Время новостей
     N°93, 28 мая 2002 Время новостей ИД "Время"   
Время новостей
  //  28.05.2002
Победа поэта
Издательство «Время» выпустило «Поденные записи» Давида Самойлова
«Опять начинаю вести дневник. Наверное, скоро брошу. Черт дери! Вчера испытал чувство какой-то мучительной скуки. Хотел писать. Ничего не получилось. Ходил к Жорке. Его нет дома. Хотел пойти в кино, но ввиду плохой погоды отложил и пошел спать». Самое интересное в записи четырнадцатилетнего паренька (8 декабря 1934) -- слово «опять». Получается, что отрок вел дневник и раньше. Что же до намерения «бросить», то оно так и осталось намерением. В последний раз Давид Самойлов открыл свой дневник 19 февраля 1990 года. Жить поэту оставалось четыре дня. До семидесятилетия (оказавшегося посмертным) было три месяца с малым. Он записал: «Заходил Крячко. Вечером ужинал Захарченя. Неодолимая тоска...» «Текст» получился зарифмованным, хотя меж двумя «поденными записями» уместились пять с лишком десятилетий -- становление поэта, Великая война, неторный путь в литературу, любимые женщины, дети, слава, мнимый покой последних лет, когда столь многим Самойлов виделся -- вопреки его прямым поэтическим высказываниям -- счастливым и просветленным веселым мудрецом. Не сказать, что «образ» этот «не соответствовал действительности». Но и прекрасно понимая, сколь далека детская «мучительная скука» от «неодолимой тоски» много пережившего человека, на «смысловую рифму» никак рукой не махнешь.

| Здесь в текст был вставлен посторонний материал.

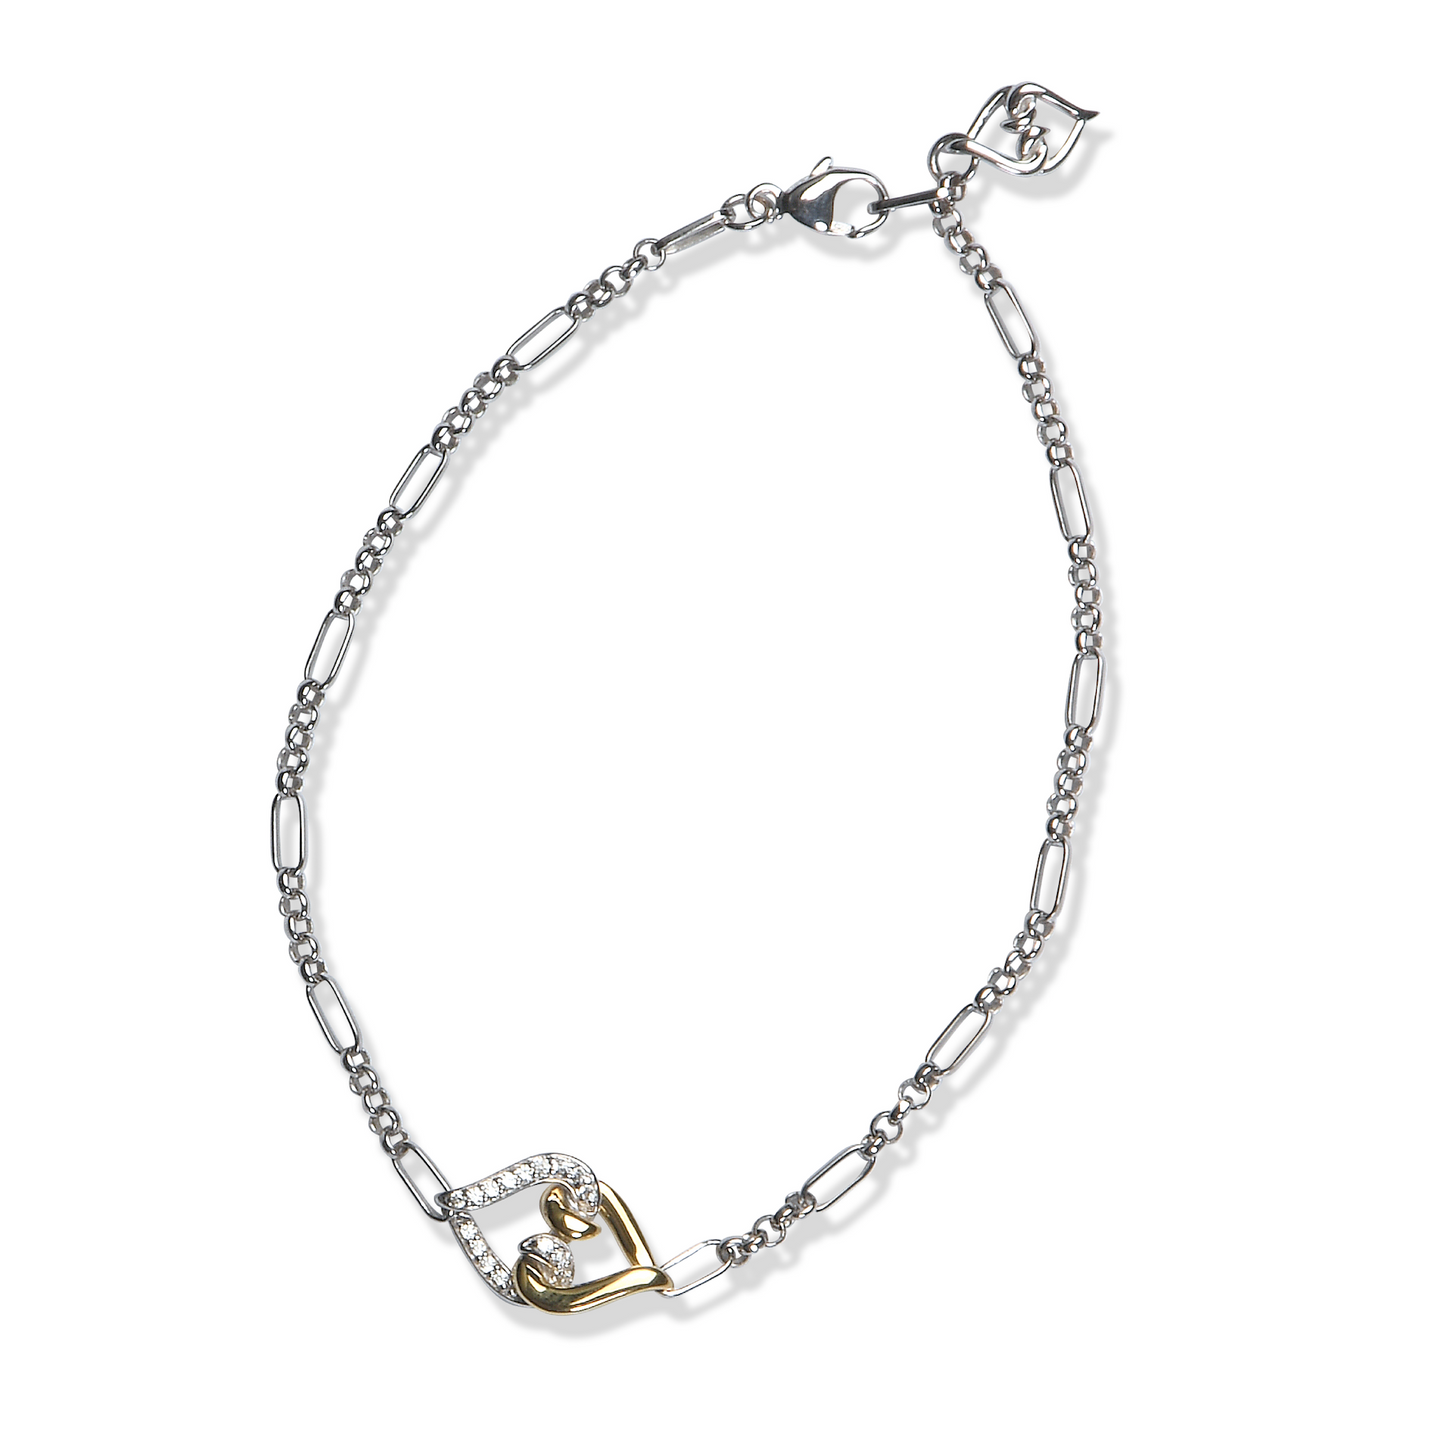 Gold and Silver Diamond Bracelet | Yellow Gold and Sterling Silver Diamond Bracelet

Более того, первая запись кажется то ли предчувствием будущей судьбы, то ли ее конспектом. Здесь есть самойловская экстравертность, его всегдашняя жажда общения и «рассеяния», а рядом с этим -- раздражение на собственную суетность, стремление уйти в себя. Есть обреченность «письменному делу» -- и мука от обмана своевольничающего вдохновения. Есть власть рефлексии, вновь и вновь тянущей к дневнику, -- и желание оторваться от изматывающих самонаблюдений. Эту пульсацию противоборствующих чувств и помыслов читатели «Поденных записей» найдут едва ли не на каждой странице. Здесь зерно личности и, кажется, ключ к поэзии и судьбе Давида Самойлова.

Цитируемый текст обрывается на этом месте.